Anyone who has published content on the internet knows how important copyright is to protecting your work. But to many small-scale content creators, royalties and the costs of licensing professionally-produced music present a significant barrier to entry, and existing royalty-free music may not suit their needs. This in mind, our team of programmusicians attempted to create a means to compose music procedurally. Mechanical Mozart is the result.
What it does
Mechanical Mozart includes an algorithm to create chord progressions of a given length, along with melodies which accompany them along the lines of functional harmony. Users can generate and save music audio without musical expertise or export MIDI files to use the compositions with their DAW and VSTs of choice should more control be desired.
How we built it
Using our knowledge of music theory, we wrote an algorithm which takes the previous chord and describes the possible next chord options. To improve the diversity in progressions generated, we associate the probability of given chord appearing with a “need” value for that chord. As a chord is used, its “need” decreases, making it less likely to be chosen. Over time, this value naturally replenishes. Next, we tag on appropriate cadences to end our piece nicely. From these chords, we generate a melody. This part of the composition relies on an algorithm designed to find a note in the current chord that is closest to the last note in the previous chord. We then randomly select three other notes from the current chord to complete the measure. Finally, instruments are assigned randomly to the melody and chords. To add to the instruments included in the jMusic library, we also hacked an additive synthesizer, allowing new synth sounds to be generated using randomized overtones and effects, but as the bulk of our time was dedicated to core functionalities, in the end this instrument was not included in Mechanical Mozart.
Challenges we ran into
GitHub broke Java. We don’t why, but after pushing to the Git repository, we were unable to execute our code. After two hours of fumbling, we decided to abandon GitHub and use a single computer, with others contributing small code segments via Google Docs. The greatest challenge, however, was developing the recursive algorithm which was intended to ensure that our progressions always return to the tonic chord. Ultimately, due to time constraints, we were unable to fully integrate this into our product.

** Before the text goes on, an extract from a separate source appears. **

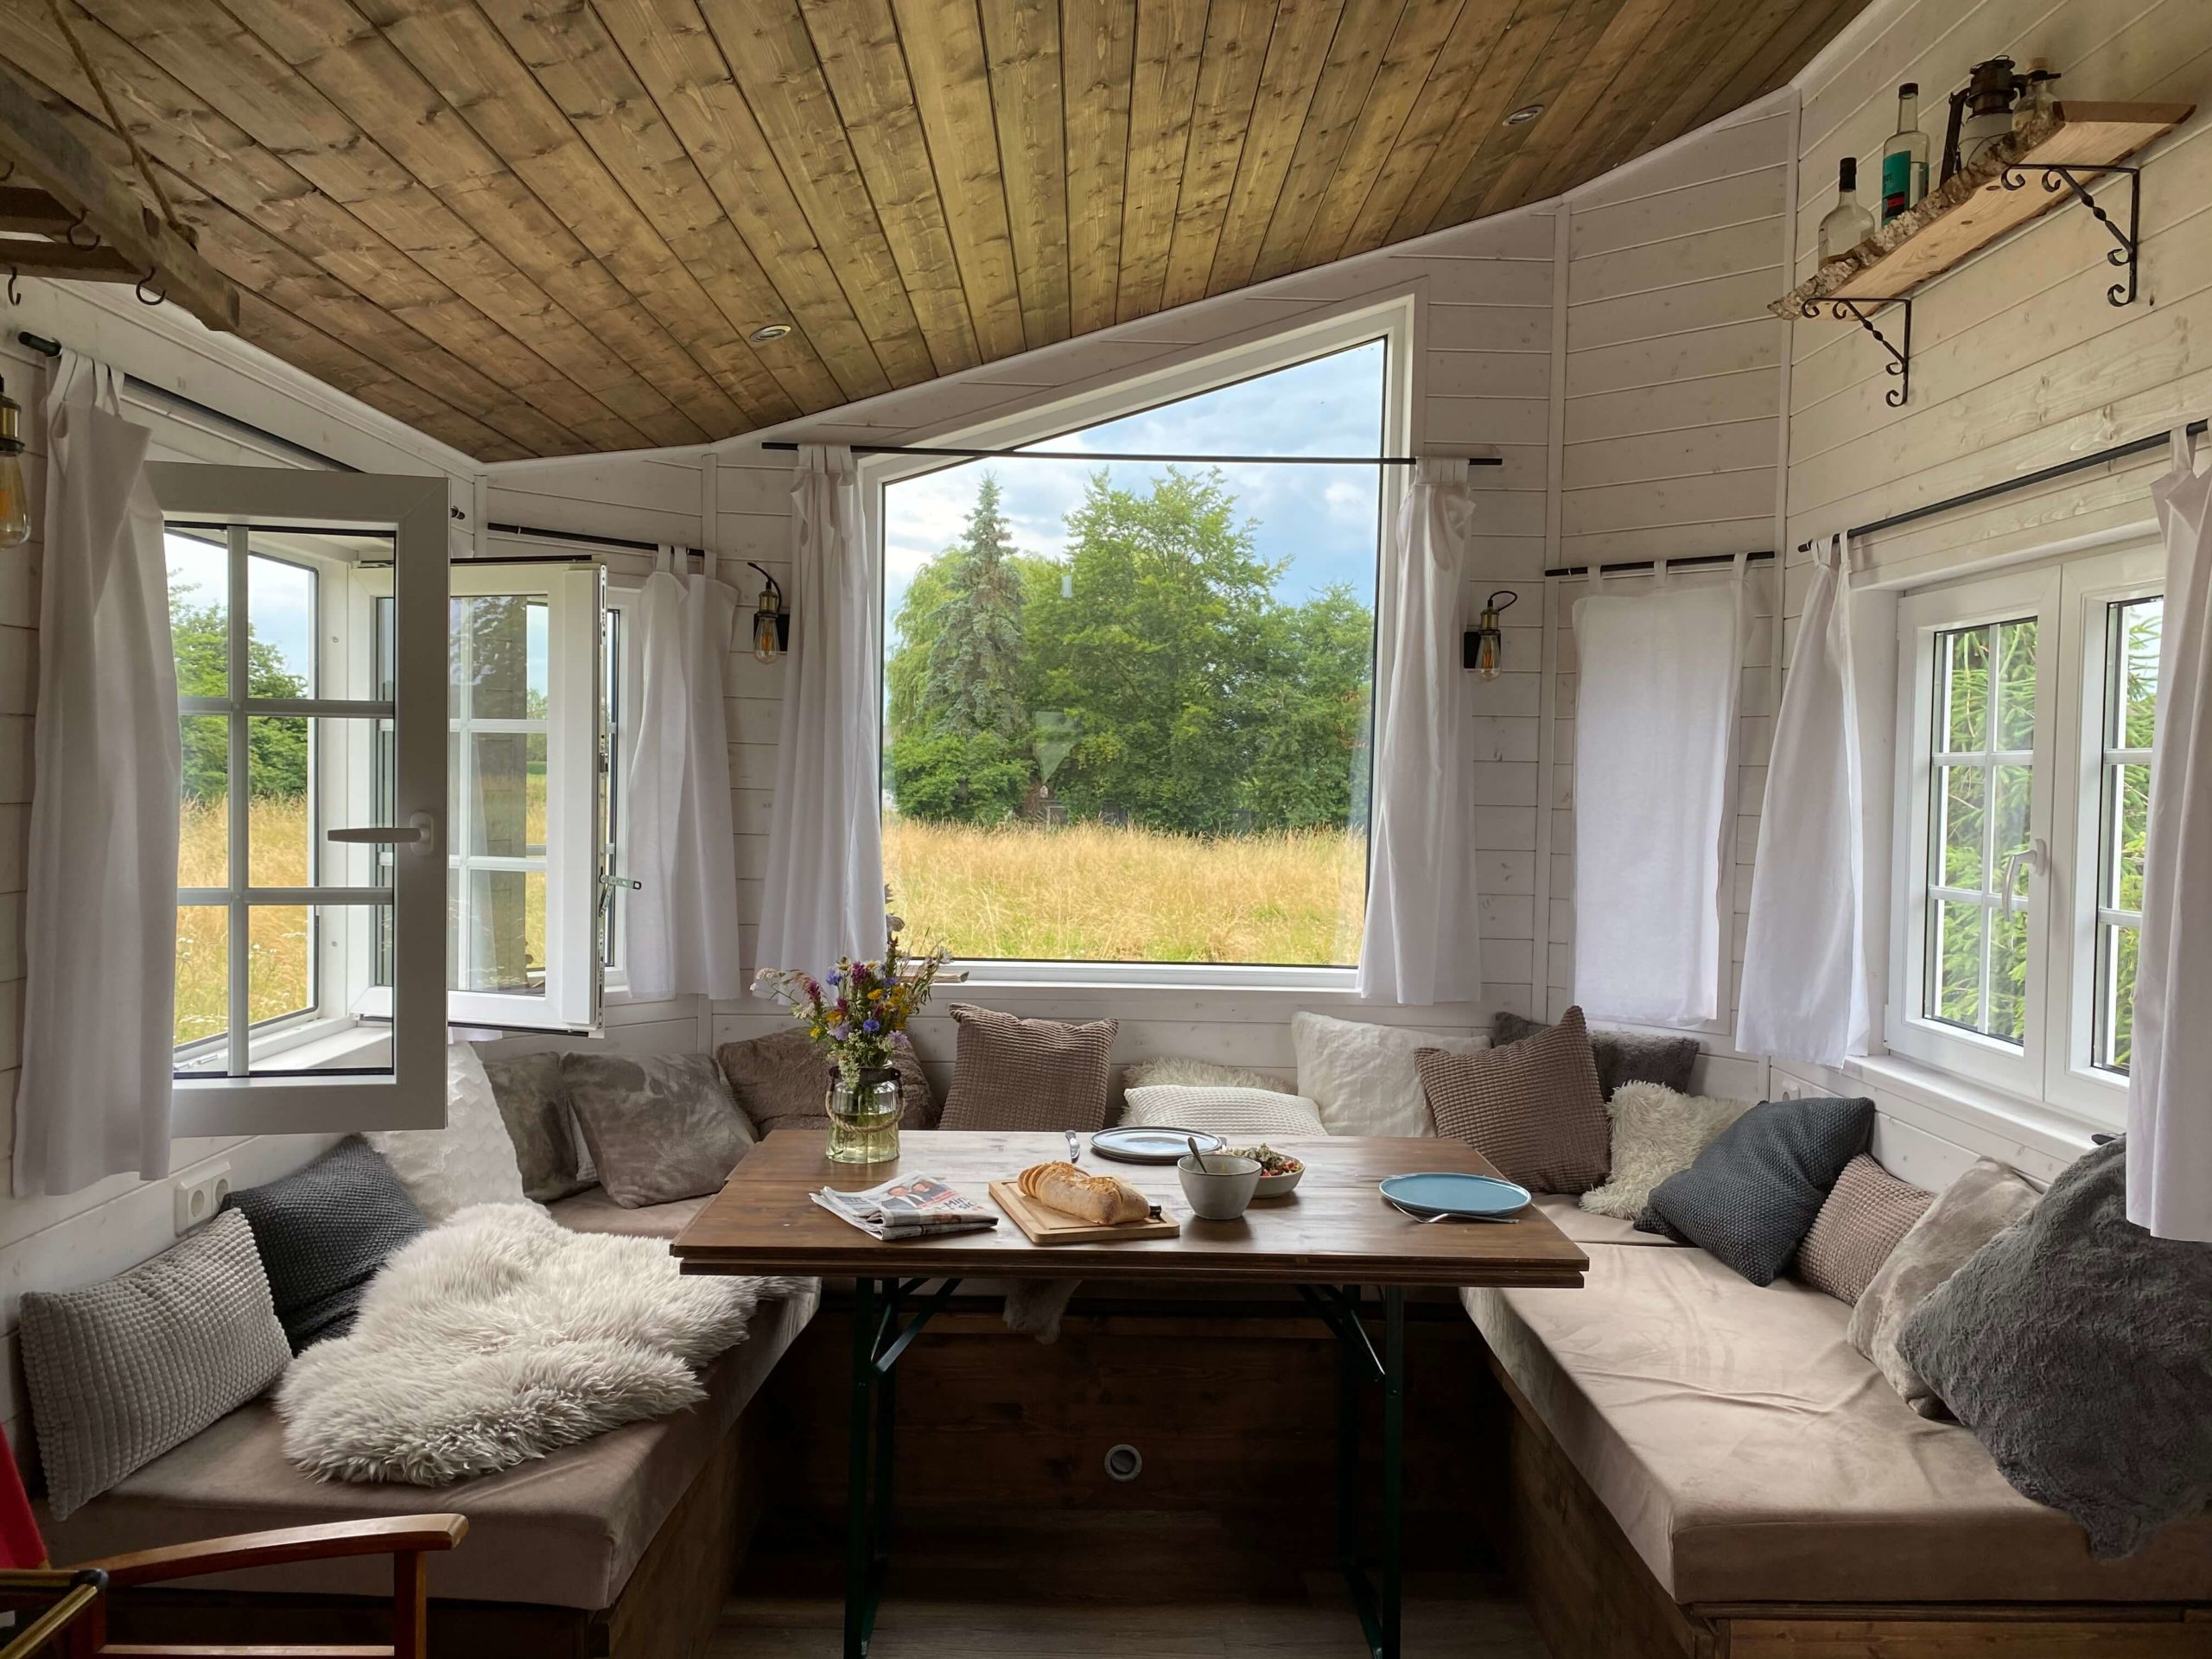 mobiles-tiny-house-lappland-vital-camp-gmbh-09

Accomplishments that we're proud of
The compositions of Mechanical Mozart sound nice, and in some cases were actually reminiscent of the human Mozart’s work. After a rather entertaining period where it produced music suitable for horror film or game scores, this was a pleasing result. Generally, we were proud that, in the limited timeframe, we managed to assemble something which works essentially as we intended, with clear avenues for expansion and improvement.
What we learned
The most important lesson we learned from this project was that serendipitous mistakes can contribute equally to success as careful planning. For example, we discovered by accident, after clicking “run” twice, that the resulting music, though unmastered, demonstrates great potential and interest. We also learned much about managing sound files and sound synthesis within Java.
What's next for Mechanical Mozart
In Mechanical Mozart’s future we look forward to seeing improvements to the randomization process. Rather than using completely random numbers, analysis of fractals and chaotic systems can be used to produce more stable patterns. In addition, development of new algorithms based on different parameters could add a extra layer of customization to the user’s royalty free grand spree. This would all come under a clean and colorful GUI. Perhaps this technique of music generation could be adapted to fit longer, structured compositions, and grow to include modulation and variations upon a theme. To make the music directly generated by Mechanical Mozart more usable, we would attempt to add automated mastering functionality, similar to the cloud-based service LANDR. We believe that a descendant of Mechanical Mozart could be the next big thing in “stock” sound libraries across all platforms.